Son expérience à la DRIRE l’instruit de façon précieuse sur la façon de concilier développement économique et protection de l’environnement. Elle le conforte dans sa démarche associant d’une part la connaissance précise de la réalité d’autre part la recherche, avec des experts d’autres disciplines, d’une vision partagée de l’évolution sur le long terme des composantes techniques et économiques des grands sujets à traiter :
» En réalité, nos sociétés sont si complexes que l’on ne peut pas changer une situation mais seulement agir sur la dérivée, voire la dérivée seconde. Pour cela, il faut essayer de connaître les mécanismes internes de ce sur quoi on veut agir, puis décentraliser au maximum l’initiative. Il faut donc préférer les instruments économiques (incitatifs ou dissuasifs) aux règlements. »
Effet de serre
Yves Martin est chargé en 1989 d’animer la Mission interministérielle sur l’effet de serre qui doit dégager les enjeux et les lignes de force d’une politique française en vue des futures négociations internationales : Rio en 1992, Kyoto en 1996.
Ses capacités scientifiques et techniques sont mises à rude épreuve pour apporter de la clarté sur une question aussi complexe et dégager les raisons d’agir, sans attendre d’avoir les réponses à toutes les incertitudes.
C’est pour lui l’occasion d’approfondir des questions qui lui tiennent à cœur : rôle de la forêt, des pratiques agricoles, de la politique des transports et d’une fiscalité sur l’énergie. Cette dernière lui semble indispensable pour susciter un effort décentralisé efficace et non ruineux de réduction des émissions de gaz carbonique.
L’énorme travail réalisé lui donne une place unique de sage et de conseiller des ministres dans ces négociations internationales. C’est donc naturellement que Michel Rocard, chargé par le président de la République d’un rapport sur l’instauration d’une telle taxe, sollicitera sa collaboration.
Témoignages
Les jeunes ingénieurs des Mines qui étaient à ses côtés (Térésina Martinet, Gilles Taldu, Luc Oursel) évoquent son engagement sur le terrrain : « J’ai trouvé en Yves Martin un patron exigeant humainement et professionnellement, un camarade et un exemple, soucieux de perfectionner mon apprentissage de la » chose publique « . Les priorités ne pouvaient porter que sur les questions importantes puisque les dossiers urgents on était bien obligé de les régler et c’était déjà du passé. Il considérait son statut de fonctionnaire comme une chance, qui lui conférait une grande liberté au service de son pays.

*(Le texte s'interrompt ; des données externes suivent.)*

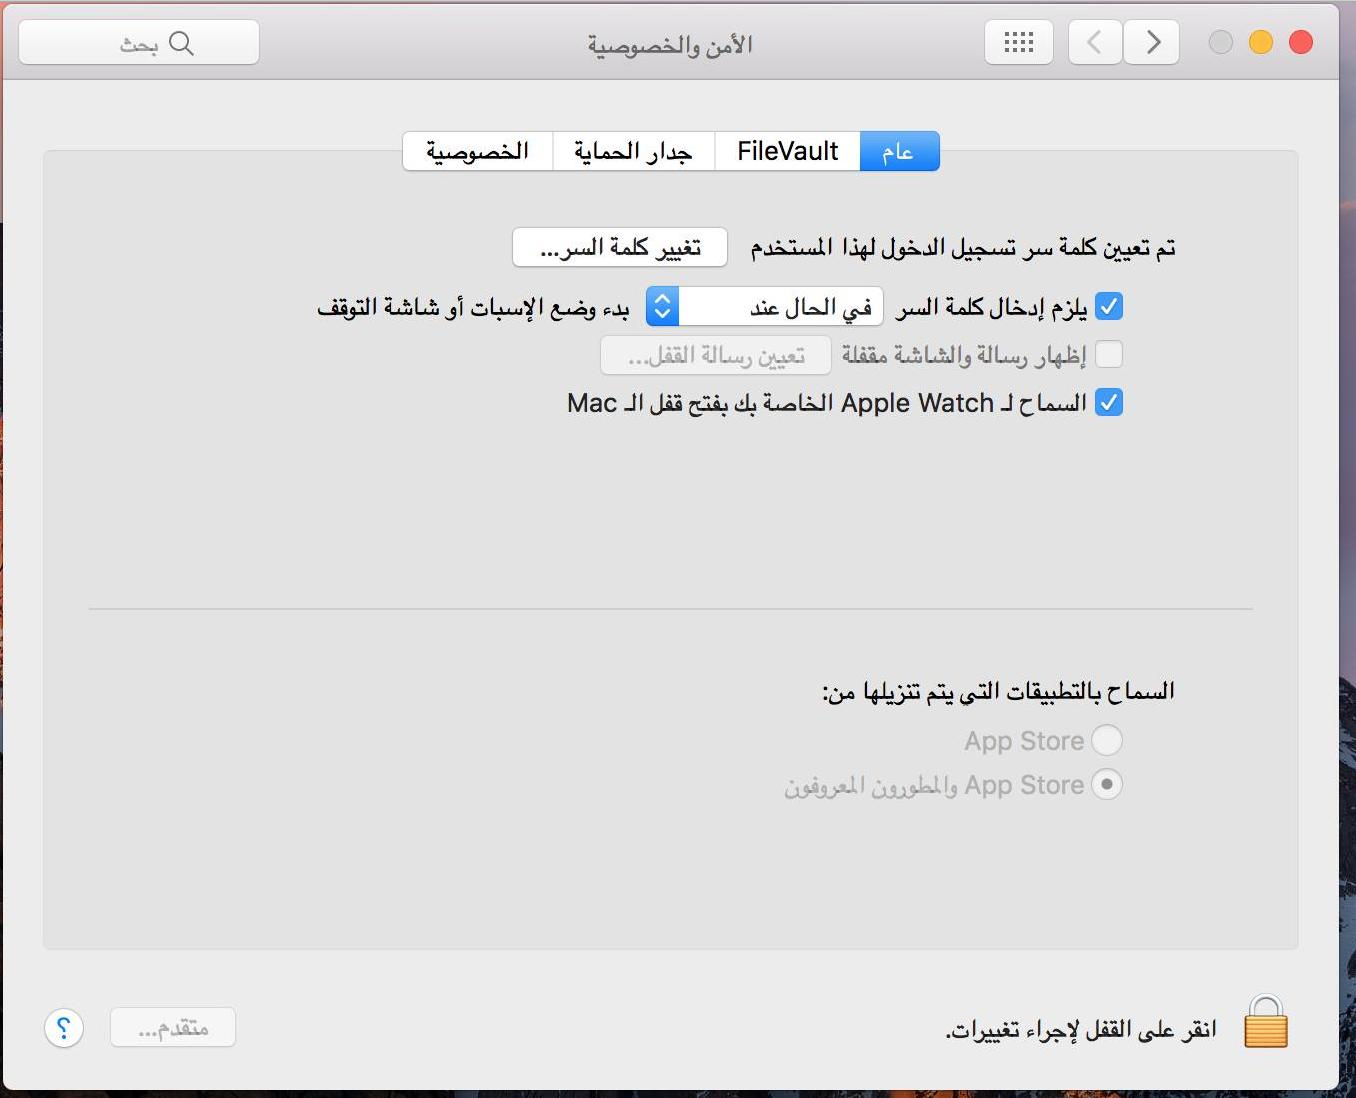 لقطة الشاشة ٢٠١٦-٠٩-٢٢ في ٤.٣٢.٠٢ م.png
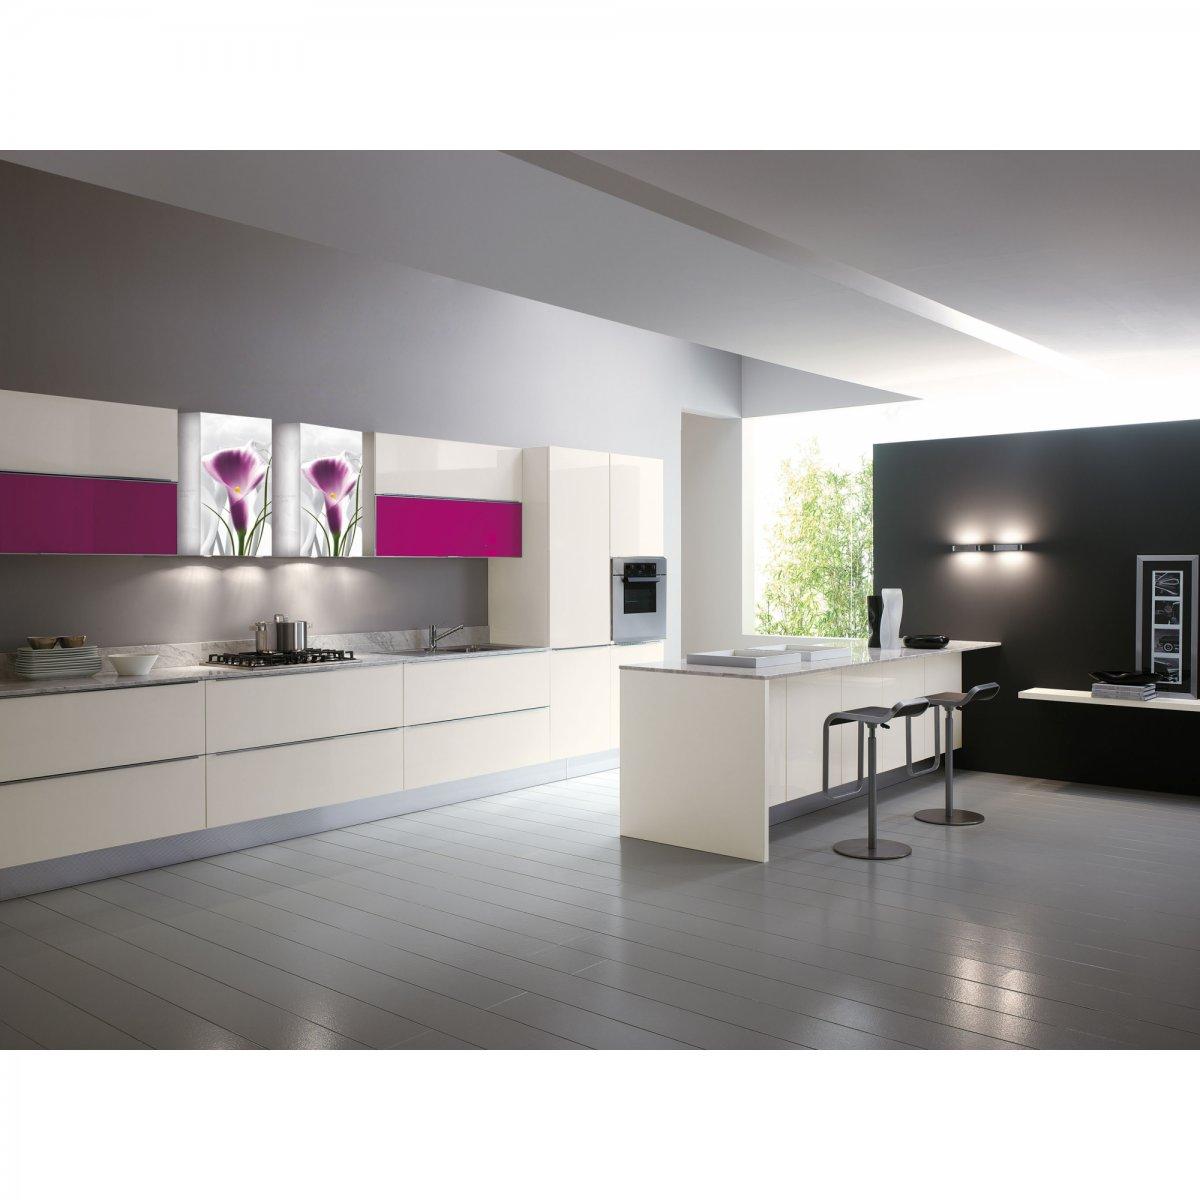 Coolors cappa petite parete 40 - Coolors pannelli cucina ...

Il était visionnaire, tenace et courageux pour défendre ses convictions en particulier cette conviction que l’État régalien peut et doit infléchir certaines tendances naturelles du marché.
Il restera pour nous un grand serviteur de l’État travaillant sans compromis ni compromission, pour la défense de l’intérêt général, pour le développement économique, pour la protection de l’environnement. »
Moine-soldat
« Monsieur Silence » est entré dans le grand silence. Son exigeante rectitude morale, sa rigueur et son courage intellectuels, son dévouement exceptionnel au service de l’intérêt général, mais aussi son humaine simplicité, son horreur du clinquant et son amour de la nature donnent de lui l’image exemplaire de l’ingénieur des Mines telle que la voulurent les fondateurs du Corps.
« Moine-soldat » aimait à dire le regretté Raymond Fischesser. Pour Yves Martin, il disait juste.